開催日 Kick Off Host   Visitor 会場
09/03(金) 19:30 東芝ブレイブルーパス 7−12 三洋電機ワイルドナイツ 秩父宮
09/04(土) 17:00 豊田自動織機シャトルズ 17−16 NTTコミュニケーションズシャイニングアークス 豊田ス
09/04(土) 17:00 近鉄ライナーズ 30−14 リコーブラックラムズ 長居ス
09/04(土) 18:00 ヤマハ発動機ジュビロ 29−14 NECグリーンロケッツ ヤマハ
09/04(土) 19:00 トヨタ自動車ヴェルブリッツ 18−10 サントリーサンゴリアス 豊田ス
09/04(土) 19:00 神戸製鋼コベルコスティーラーズ 34−3 クボタスピアーズ 長居ス
09/04(土) 19:00 コカ・コーラウエストレッドスパークス 17−22 福岡サニックスブルース レベスタ

マッチレポート

アグレッシブに"超攻撃ラグビー"を封じたヴェルブリッツ

ほとばしるような緊張感の漂った東芝ブレイブルーパス-三洋電機ワイルドナイツの開幕戦から一夜明けた9月4日、全国各地でトップリーグ第1節、残り6試合が行われた。

愛知・豊田スタジアムでは昨季のセミファイナリスト同士のサントリーサンゴリアスとトヨタ自動車ヴェルブリッツが対戦。18-10でトヨタ自動車がリーグ戦では初となるサンゴリアス戦勝利を収めて好スタートを切る一方、豊田自動織機シャトルズがNTTコミュニケーショズ シャイニングアークスに際どく逆転勝ち(17-16)。記念すべきトップリーグ初陣を勝利で飾ることに成功した。

その他、大阪・長居スタジアムでは近鉄ライナーズ、神戸製鋼コベルコスティーラーズの関西勢がリコーブラックラムズ、クボタスピアーズの関東勢に快勝。福岡・レベルファイブスタジアムで行われた九州ダービーは福岡サニックスブルースがコカ・コーラウエストレッドスパークスに競り勝ち、静岡・ヤマハスタジアム(磐田)では“新生"ヤマハ発動機ジュビロがNECグリーンロケッツを退けた

■トヨタ自動車ヴェルブリッツ 18-10 サントリーサンゴリアス(前半10-0)──9月4日

先発メンバーの顔ぶれを見るだけで、両チームの首脳陣の意図は明らかだった。

サントリーは、本職はSHながら7人制W杯でも活躍するなど、爆発的なスピードを誇る成田秀悦を右WTBに起用。

「キックも少しは使うよ」

試合前にエディ・ジョーンズ新監督はそう打ち明けていたものの、“トライ王"小野澤宏時をFBに下げてまで“走り屋"としての成田に期待して先発させたあたりに、「攻め続けて勝つ」という今季のサントリーが目指すスタイルがうかがえた。
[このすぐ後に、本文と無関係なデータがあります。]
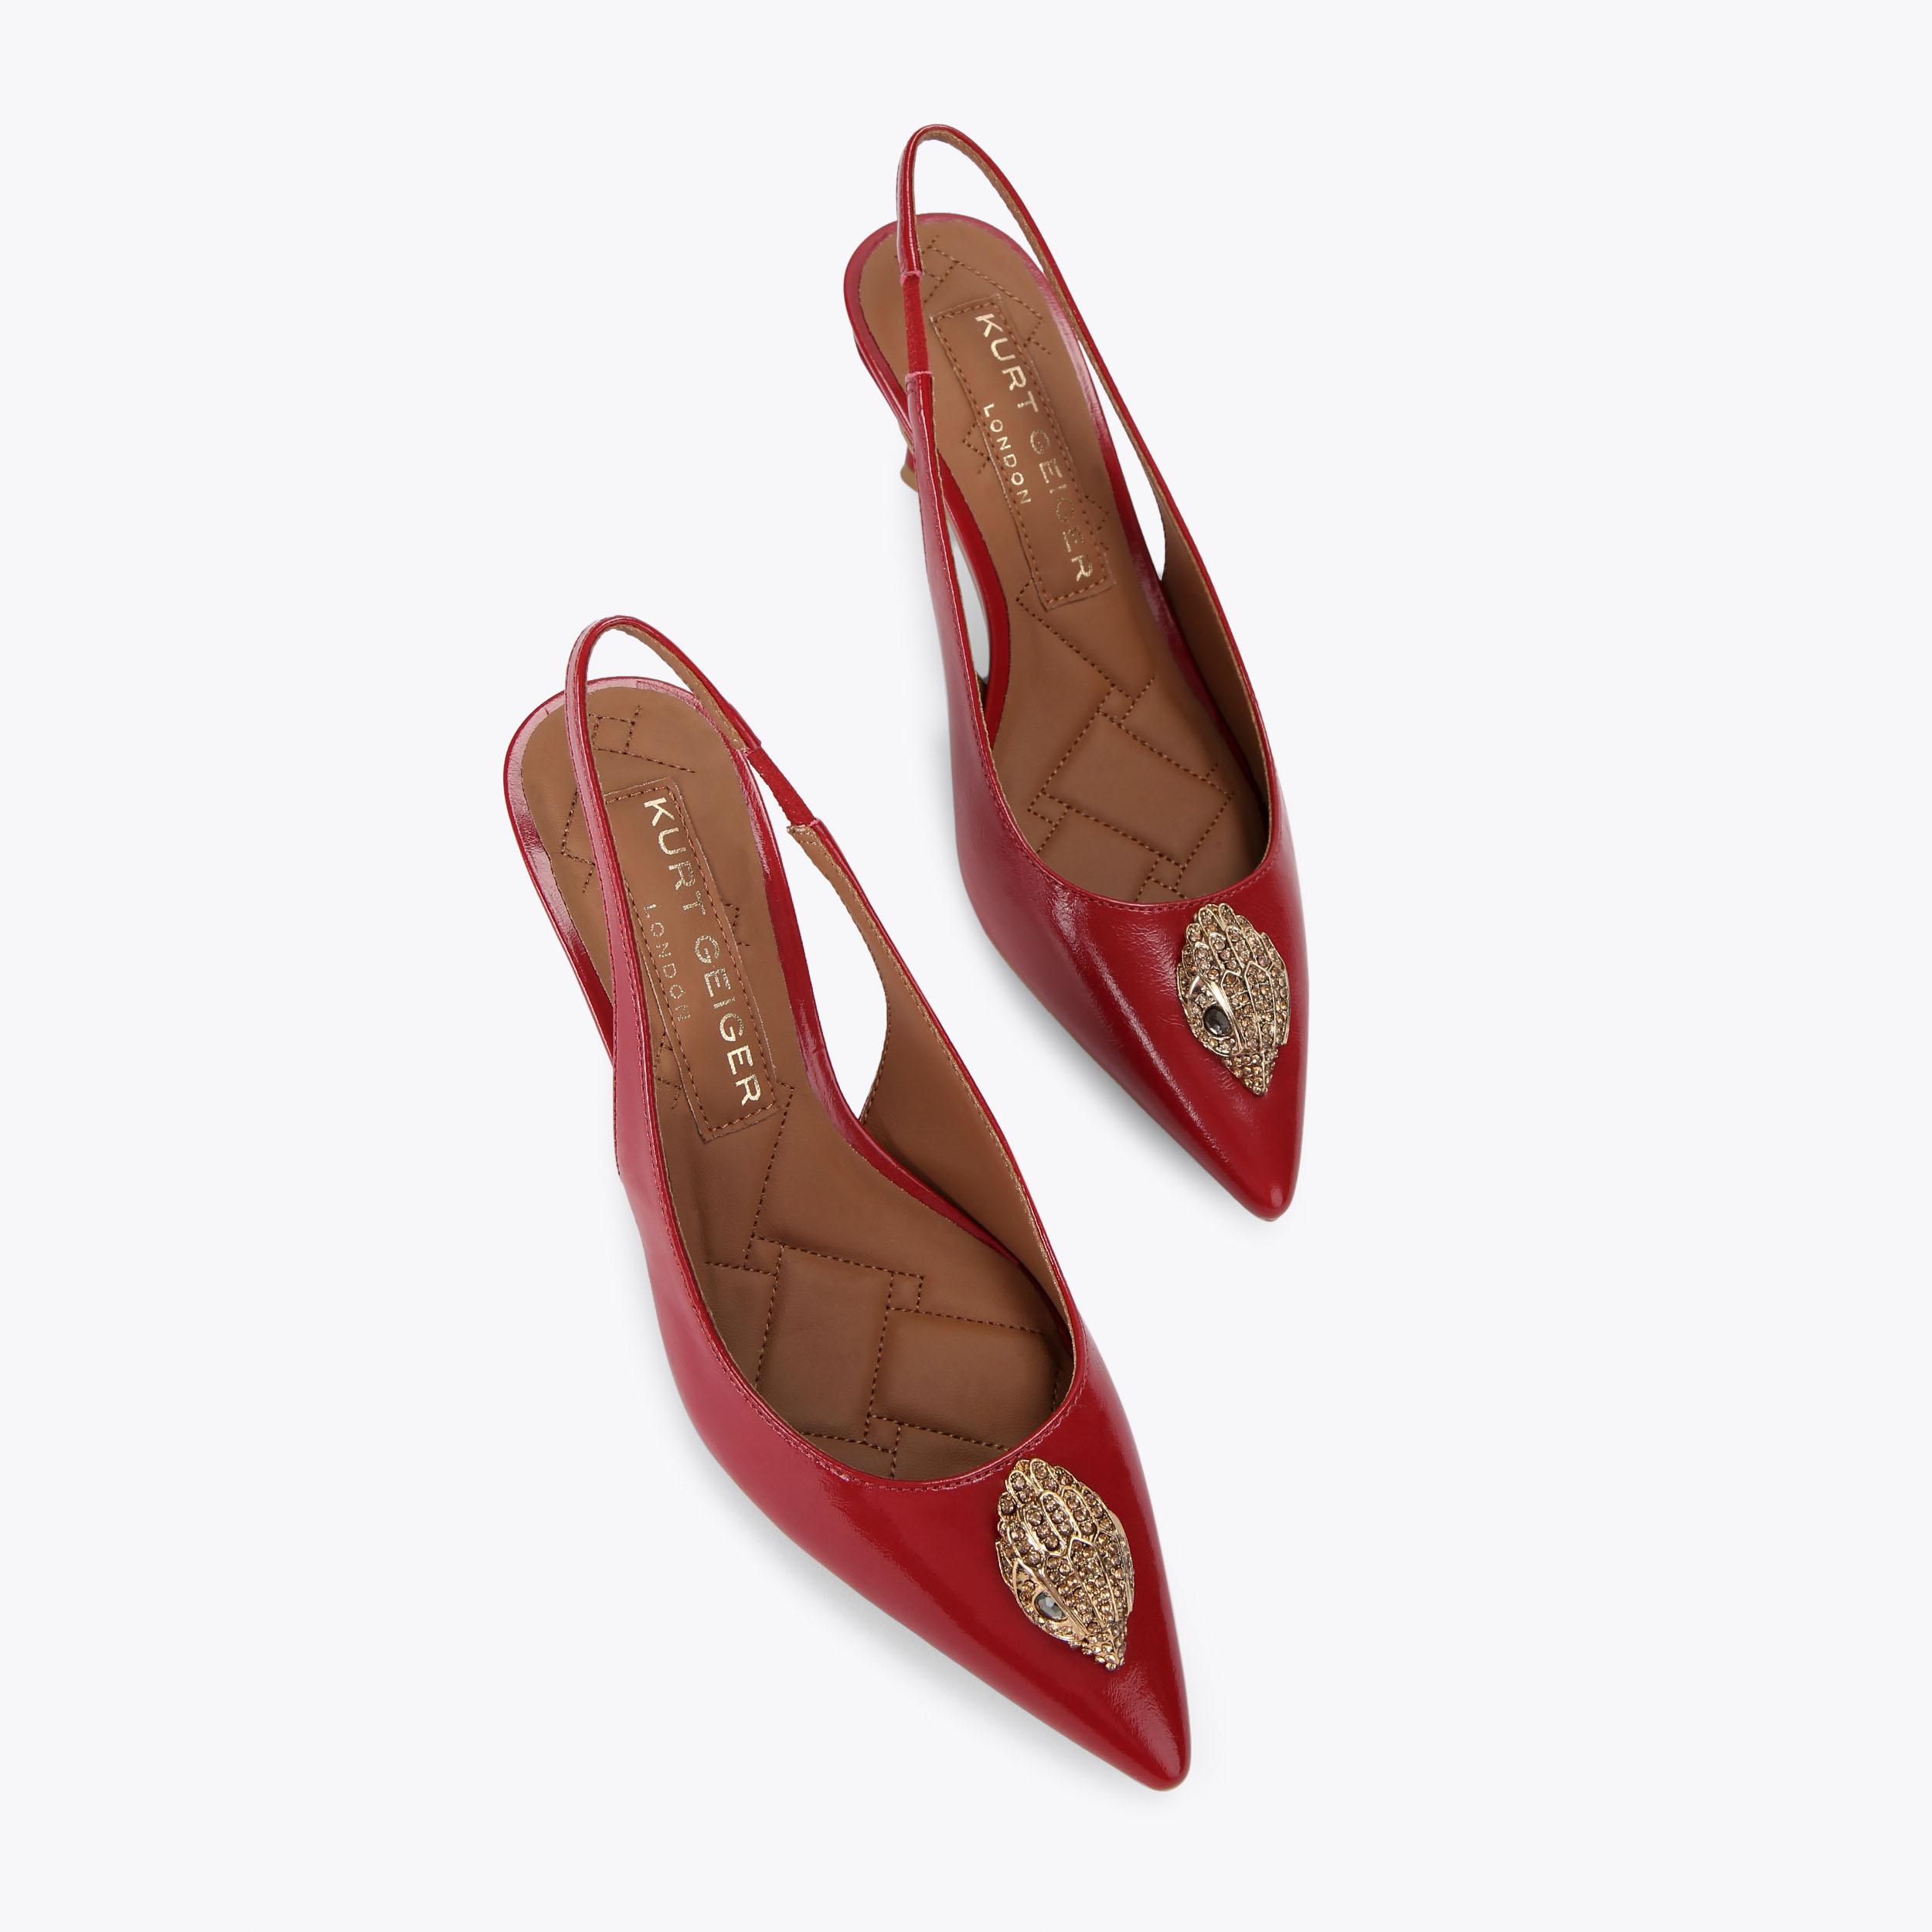 BELGRAVIA SLING BACK Red Patent Slingback heel by KURT GEIGER LONDON

一方のトヨタ自動車のSOはオレニ・アイイ。番場美喜男、黒宮裕介、そして新加入の文字隆也と、他にもそれぞれ持ち味の違う指令塔を抱えるトヨタだが、朽木泰博新監督は「最も攻撃的なスタイル」の持ち主であるアイイに重要な開幕戦のゲームメイクを任せる決断を下したのだった。

「サントリーという攻撃的なチームに対して、こちらも攻撃的にいきたかった」

昨季も揃ってセミファイナルに勝ち残るなど、リーグテーブルの上位に名を連ねることの多い両チームだが、過去のトップリーグでの対戦ではサントリーが6戦全勝と圧倒してきた。

いわば“チャレンジャー"のトヨタ自動車が、超攻撃的を標榜するサントリーに対して、最も攻撃的な指令塔を起用して臨んだのは、非常に興味深い選択肢と言えた。

「ある程度、DFの時間は長くなる」(朽木監督)ことを想定しながらも、チャンスにはアグレッシブに攻める。

 ボールを持てば、重心が低く、かつシャープな動きで前に出て、DFでもサントリーのキープレーヤーであるCTBライアン・ニコラスやSOトゥシ・ピシを仰向けになぎ倒すようなビッグタックルを決める。

「前半の10分で、アイイのアグレッシブなプレースタイルを前面に押し出して主導権を握れたことが、80分間を通して優位に戦えた要因」(朽木監督)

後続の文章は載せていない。